When a plant is described as “growing true to seed,” it means the offspring grown from its seeds will be genetically identical to the parent plant, reliably producing the same type of fruit or flower. Apples, however, do not grow true to seed; the seed from a McIntosh apple will not produce a McIntosh apple tree. This lack of genetic consistency is central to understanding how apple varieties are created and maintained for commercial markets. This biological reality explains why nearly all commercially grown apples are propagated through methods other than planting a seed.
The Genetic Reason Apples Don’t Grow True
The primary biological factor preventing apples from growing true to seed is a condition known as extreme heterozygosity. This means that a single apple tree carries two different versions of many genes, a genetic makeup that is far more complex than in many other plants. The apple genome has such a high degree of internal variation that the genetic combinations in the seed are highly unpredictable.
The apple’s genetic complexity is further compounded by its need for cross-pollination to produce fruit. An apple flower requires pollen from a different, genetically distinct apple tree to successfully fertilize the ovule and create a viable seed. This process ensures the seed receives DNA from two separate parents, effectively shuffling the genetic deck with every generation.
The necessity of this genetic shuffling is an evolutionary advantage for wild apples, allowing them to adapt to changing environments by increasing the diversity of their offspring. From a human perspective, however, this genetic complexity makes the outcome of planting a seed a near-random event. Even if a farmer were to plant seeds from a single, desirable apple, each resulting tree would be genetically unique, with only a small chance of producing high-quality fruit.

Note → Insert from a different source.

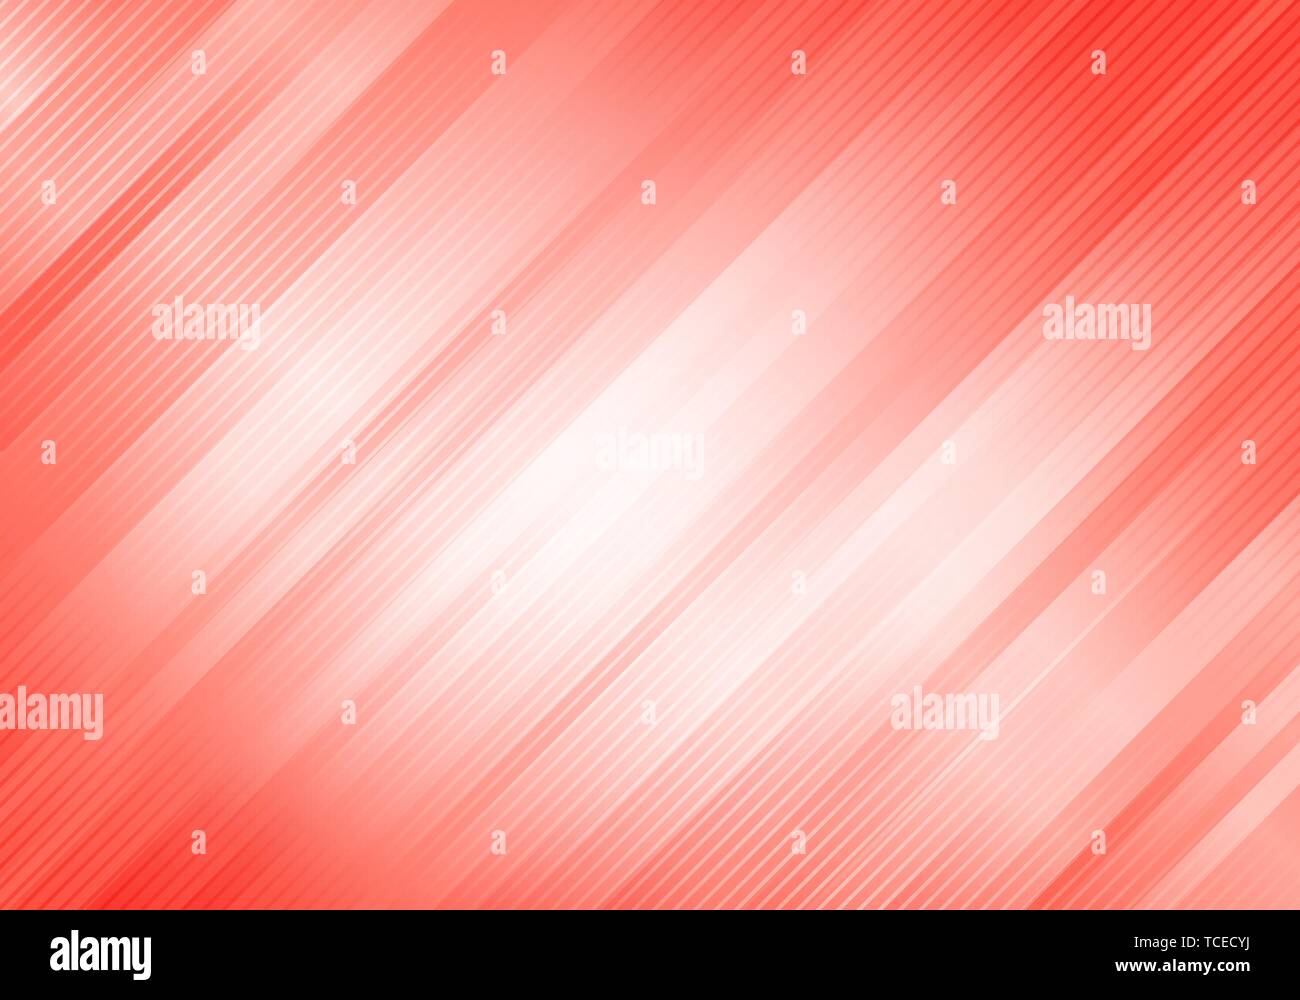 Résumé fond de couleur rose et blanc avec des rayures diagonales. Motif géométrique un minimum. Vous pouvez utiliser pour couvrir la conception, brochure, poster, publicité Illustration de Vecteur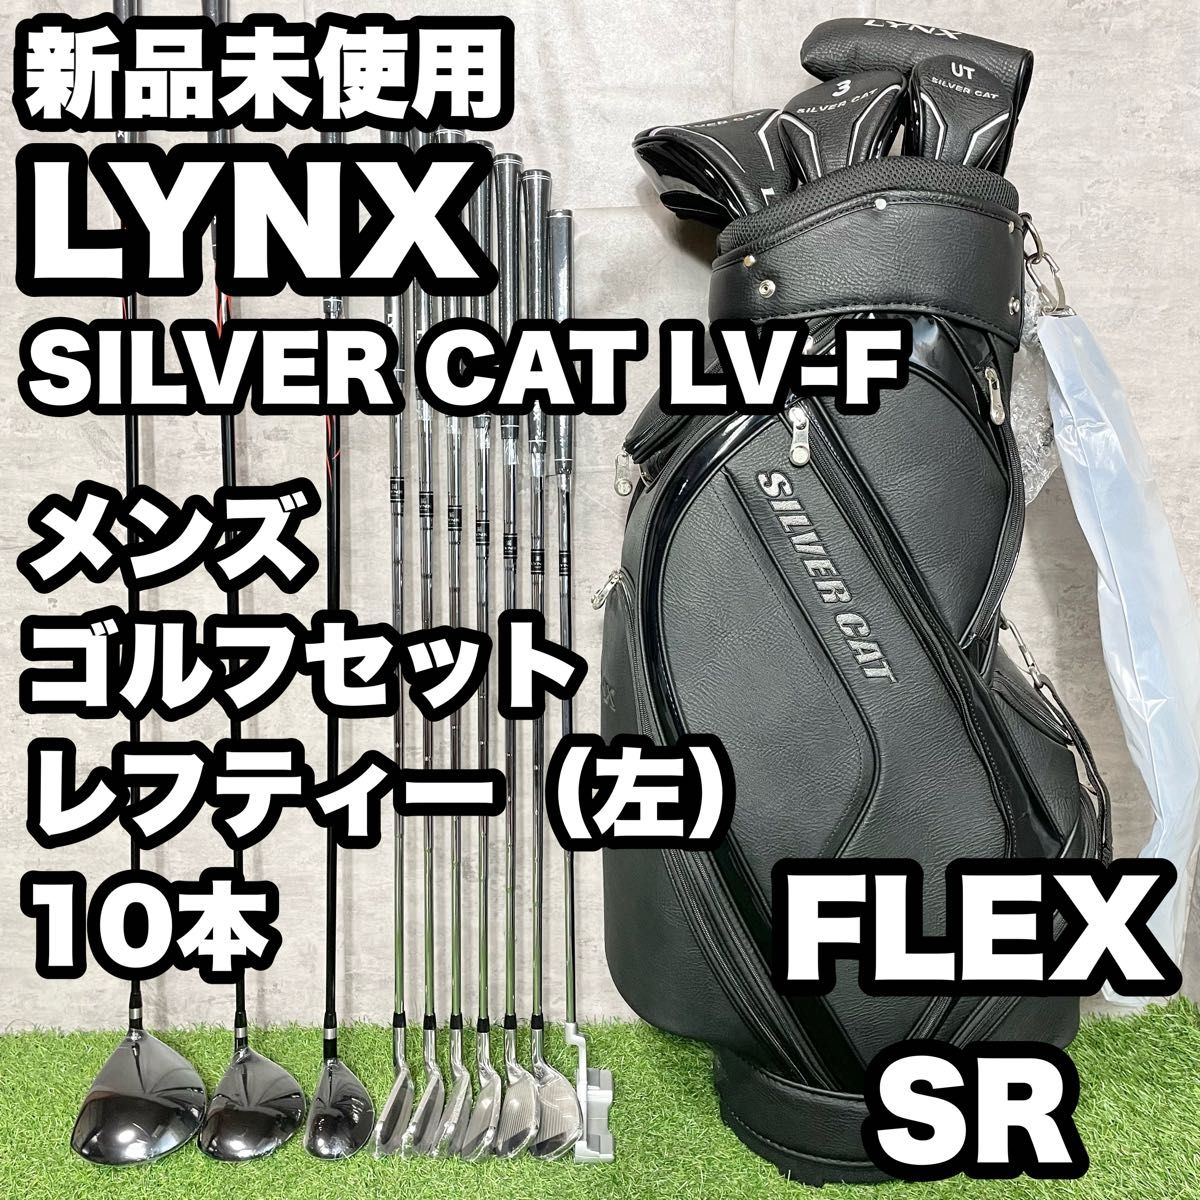 リンクス LYNX メンズ ゴルフクラブセット SR 初心者 - クラブ

What Happens When You Plant an Apple Seed
A gardener who plants an apple seed will successfully grow a tree, but the resulting fruit is a gamble. The new tree will develop into a standard-sized apple tree, potentially growing 30 to 40 feet tall if left unpruned. Unlike grafted trees, which can bear fruit in as little as two to four years, a tree grown from seed typically enters the fruit-bearing phase much later, usually requiring seven to ten years to produce its first harvest.
The fruit produced by the seedling tree is almost never identical to the parent apple and is often of significantly lower quality. The apples from a seedling frequently revert to the characteristics of their wild ancestors, tending to be small, sour, or bitter. Many of these apples are only suitable for cider production or are simply inedible, rarely possessing the sweetness, texture, or size desired for commercial eating.
The genetic uniqueness of each seed means that every tree planted represents a new, unnamed apple variety. Though the chance is remote, this is exactly how all new apple varieties, like ‘Granny Smith’ or ‘Fuji,’ were originally discovered: as a random, fortunate seedling. The vast majority of seedlings, however, produce unpalatable fruit, demonstrating the high degree of genetic randomness inherent in sexual reproduction for apples.
How Commercial Apple Varieties Are Maintained
The only way to guarantee an apple variety—such as a ‘Gala’ or ‘Fuji’—grows true is by bypassing sexual reproduction entirely and using a technique called grafting. Grafting is a form of asexual reproduction that creates an exact genetic copy, or clone, of the parent tree. This process involves taking a small cutting, called a scion, from the desired variety and physically joining it to the root system of another tree, known as the rootstock.
The scion dictates the type of fruit that will be produced, ensuring every apple is genetically identical to the original variety. The rootstock, while not affecting the fruit type, is selected for characteristics like size control, disease resistance, and adaptability to specific soil conditions. This combination allows growers to produce the exact fruit variety they want on a tree that is perfectly suited to their orchard.
This cloning method is why all ‘Honeycrisp’ apples, for example, taste the same, regardless of the orchard they come from—they all share the exact same genetic code as the original tree discovered decades ago. Without grafting, popular apple varieties would be impossible to maintain, as planting their seeds would simply result in a new, unpredictable, and usually inferior apple. Commercial growers rely on this horticultural cloning to ensure the consistency and quality demanded by the modern market.